Tuesday, November 24, 2009

Making an exhibition of myself

I do feel that I neglect this blog these days. I had hoped to be able to show the design and printing process but the publishers weren't too forthcoming, and so all fell a little silent. Will try again with another blog.
Meanwhile some for the work from Starlight will be on show for a month in The Cloisters Gallery, St Davids Cathedral Refectory, Pembrokeshire.
I also have work on show at The Imagine Gallery in Long Melford, England: Simply Books in Bramhall near Stockport, England and The True North Gallery in New Hamilton, Massachusetts, USA.

Wednesday, October 7, 2009

Powerpoint, promotion and travel.

Time to get my head back into work and when I should be painting I am working on a powerpoint presentation for Starlight. Off to Simply Books in Stockport on Wednesday, Madelaine Lindley's on Thursday of next week. Simply books won Independent Bookshop of the year last week, so this is a good time to be going there. Will be in the store in the afternoon, with paintbrush and pen in hand, for signing.
It takes time to gather images and get my head back into a book, in this case far too much time. I don't really want to leave home at the moment, not just because of all the work going on here, mostly because my cat is sick, but maybe this is a good time to have a break from everything here so that I can come back and paint again. The paintbrush feels so strange in my hands after a few weeks of not painting.



Saturday, August 22, 2009

A parcel in brown paper

They arrived in the post, two copies, one US, one UK. I unpacked them carefully, nervous. The road to producing the book had been a long and not always happy one for me.
And they looked beautiful. And all the effort and strain did not show in the finished book which I hope will become a treasured favorite.
James and I have already had a review which compares his words to those of Robert Louis Stevenson and says that the book is destined to become a children's classic. How lovely.
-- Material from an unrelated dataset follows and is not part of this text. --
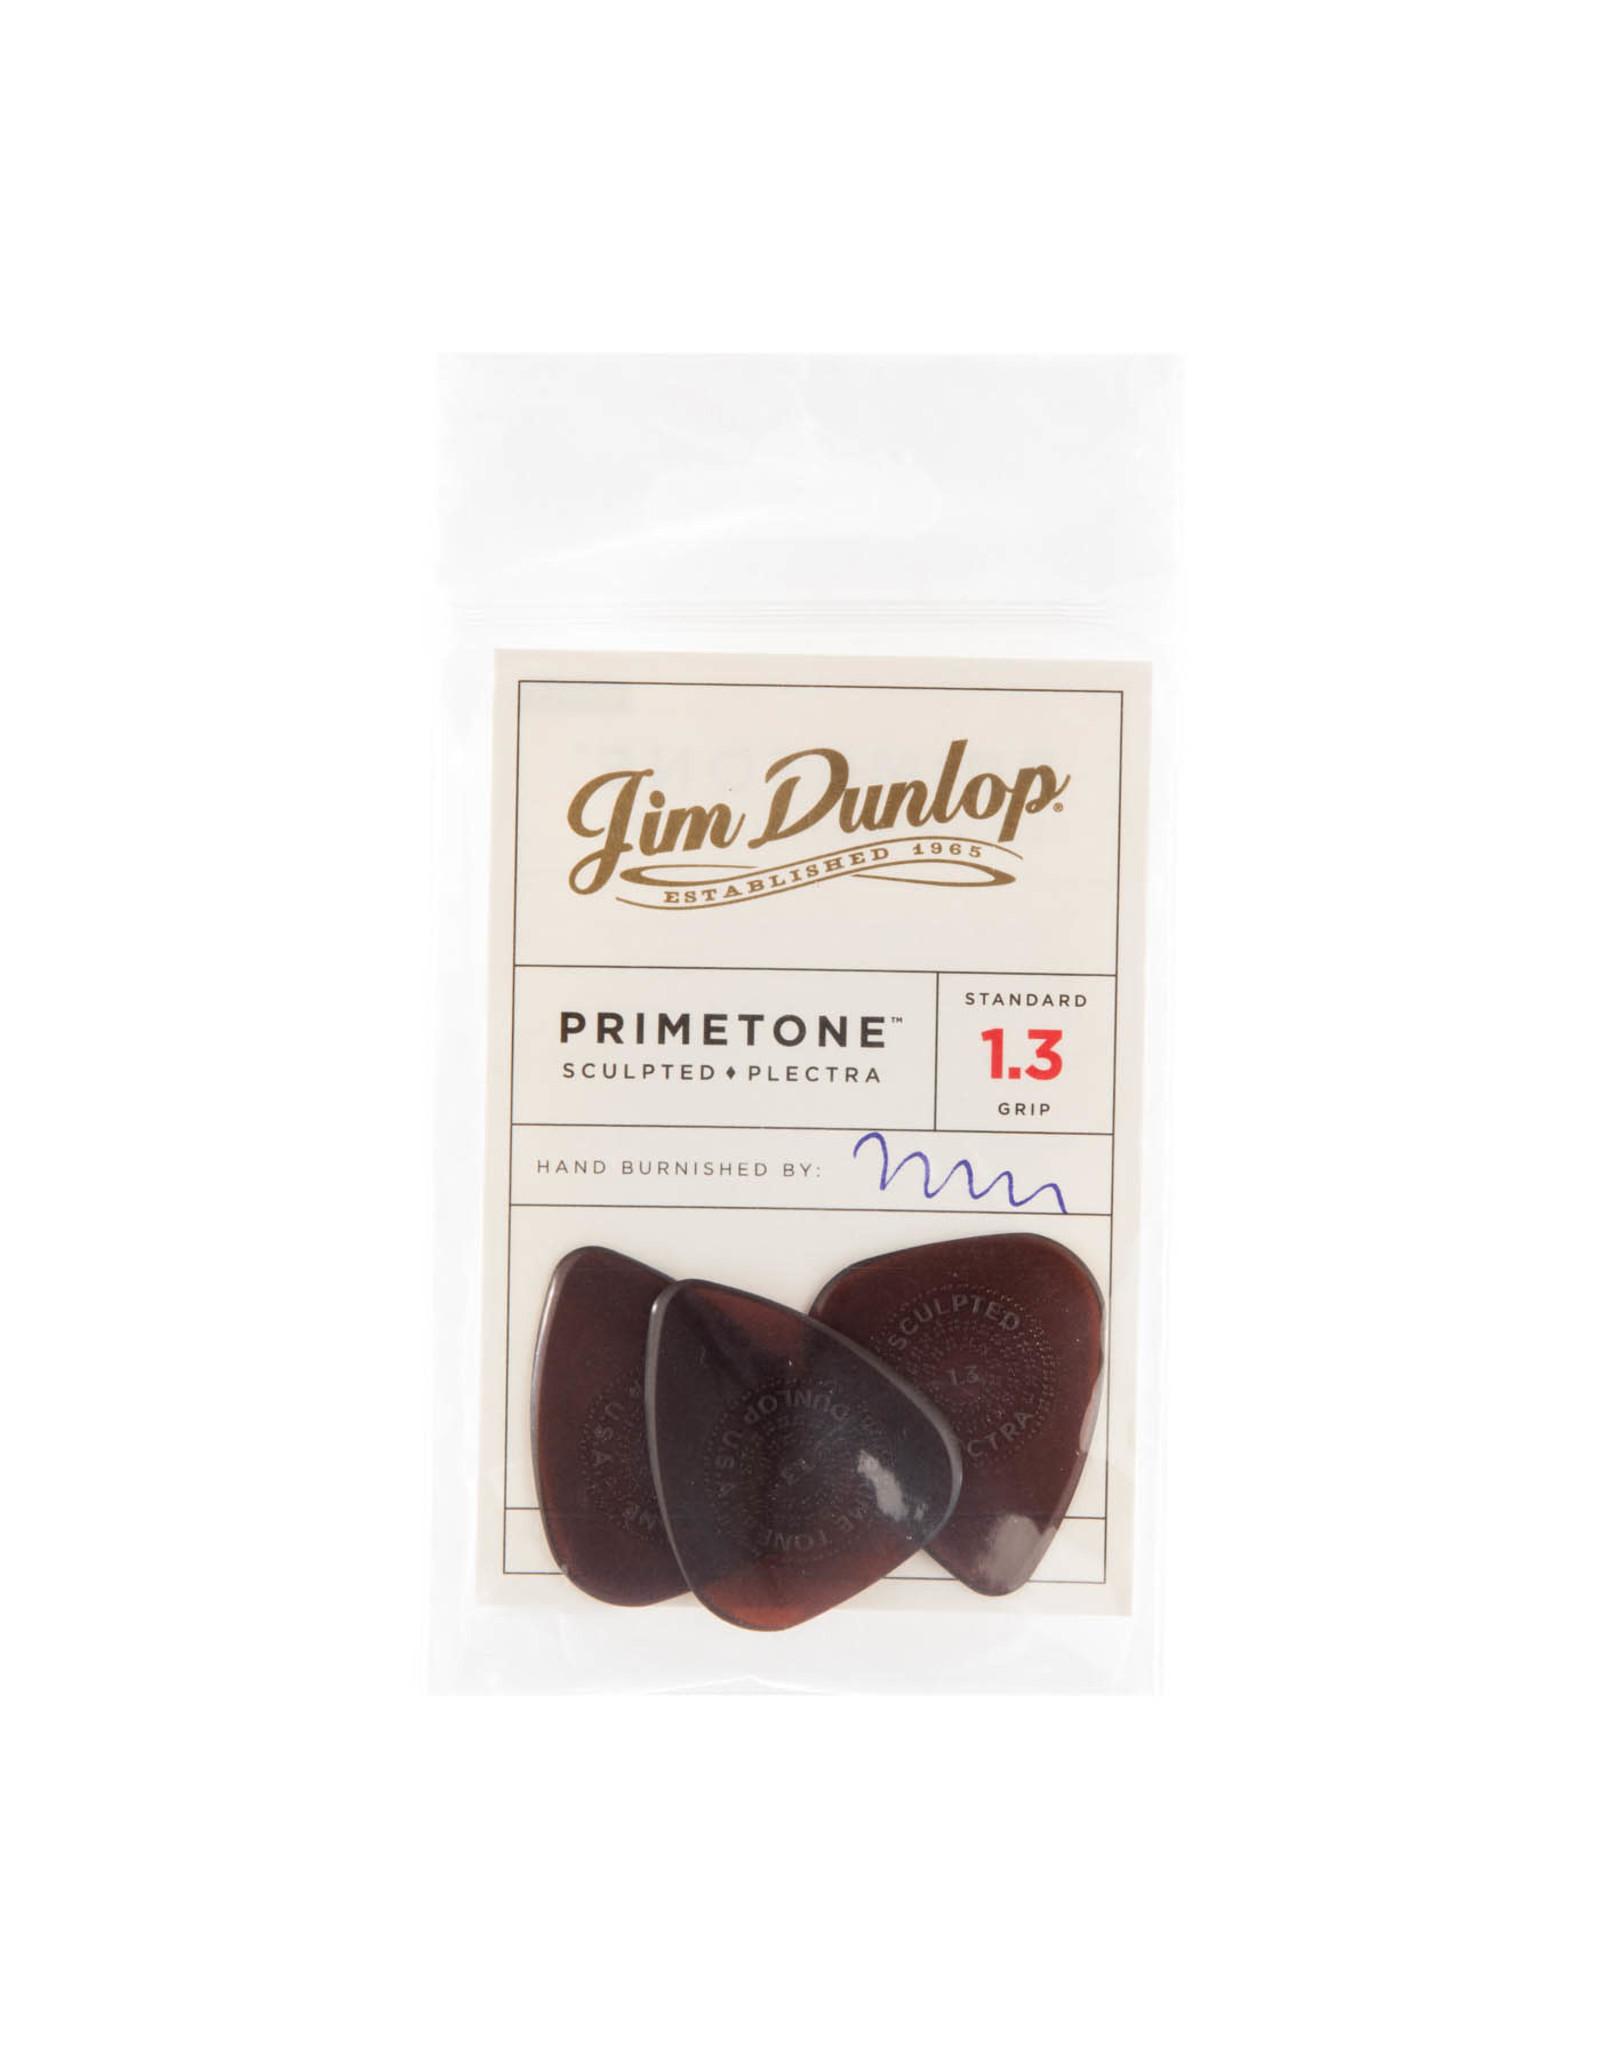 Jim Dunlop Jim Dunlop PRIMETONE® Standard 1.3 Guitar Pick 3 Pack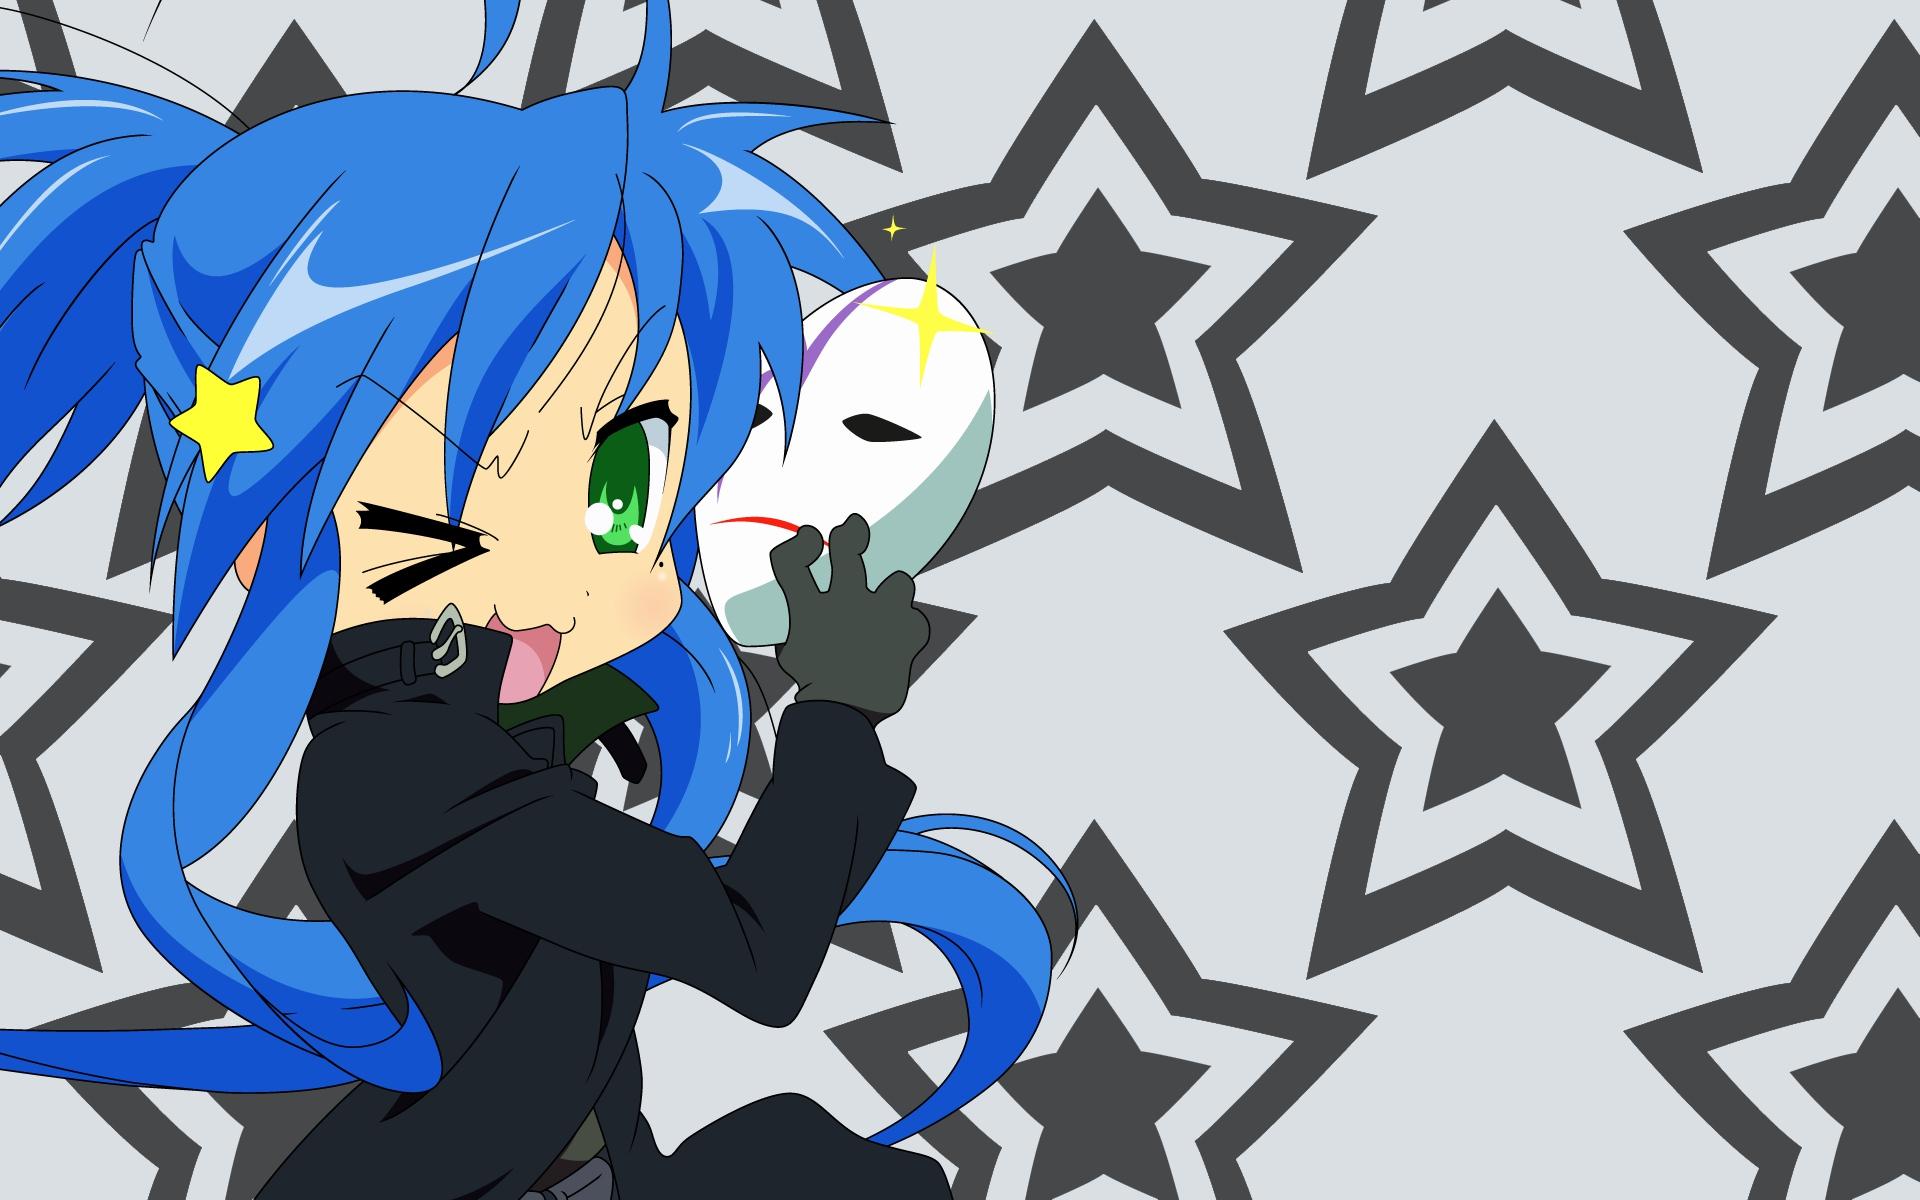 cosplay darker_than_black izumi_konata lucky_star mask parody stars vector

I still think of the book as Starlight Starbright.
I so look forward to working with James again, soon, on a new book.
Please let us know what you think of the book, and through the paperboat adventures blog, or through Barefoot Books website, let us hear your paper boat adventures.

Thursday, August 20, 2009

Waiting

Two days ago I had an email from Barefoot to say that advances for Starlight were in and they had sent me a copy. Each day I work on my new book. Each morning I wait for the postman, a little scared but quite excited, for the book to arrive.

Sunday, July 12, 2009

A short update

There is little to report on Starlight Sailor at the moment. This is now a time of waiting. The work has all gone to the printers and I am hoping that it comes back looking wonderful. Meanwhile I am getting on with The Ice Bear, James is working on a new Katie book and I am very glad to say that I have finally nagged him into starting a blog. Whether he will ever forgive me remains to be seen.
As soon as a copy of Starlight Sailor arrives and I have a publication date I will post it. I think I am up in Chester or Manchester signing books in October, as well as at Cheltenham Festival, but more details of that later. In the meantime call over at James's blog and say hi. And I will start nagging him for another text.

Wednesday, June 10, 2009

Still Sailing



The cats and I went walking in the early evening light, over the hills and far away to sunset.
In winter, when it snowed, we took a boat out to sail on an ocean of white. Yesterday we found the boat, storm tossed in heather and lit by low sun.
It looked beautiful.

Friday, May 22, 2009

A white envelope on a gray day.



This week I received the small pre-proof print outs of Starlight, with the new cover. Was very nervous about opening them after being so disappointed with the first proofs. But they looked wonderful. And after all that the cover is just right. So pleased with them and even in this tiny version they look really good. In fact it would make a great tiny board book.
So, many thanks to James for his patience with me, and to Barefoot for turning the book around and making it shine.
It is a great shame that publication has been put back a month because of the delays. Hoping it can move forward again. Looking forward now to seeing the finished book and taking it out to children.
I have learned a lot working on this book.

Sunday, May 17, 2009

In a small and quiet voice....

... and on even further reflection I have to say that the new cover does suit the book.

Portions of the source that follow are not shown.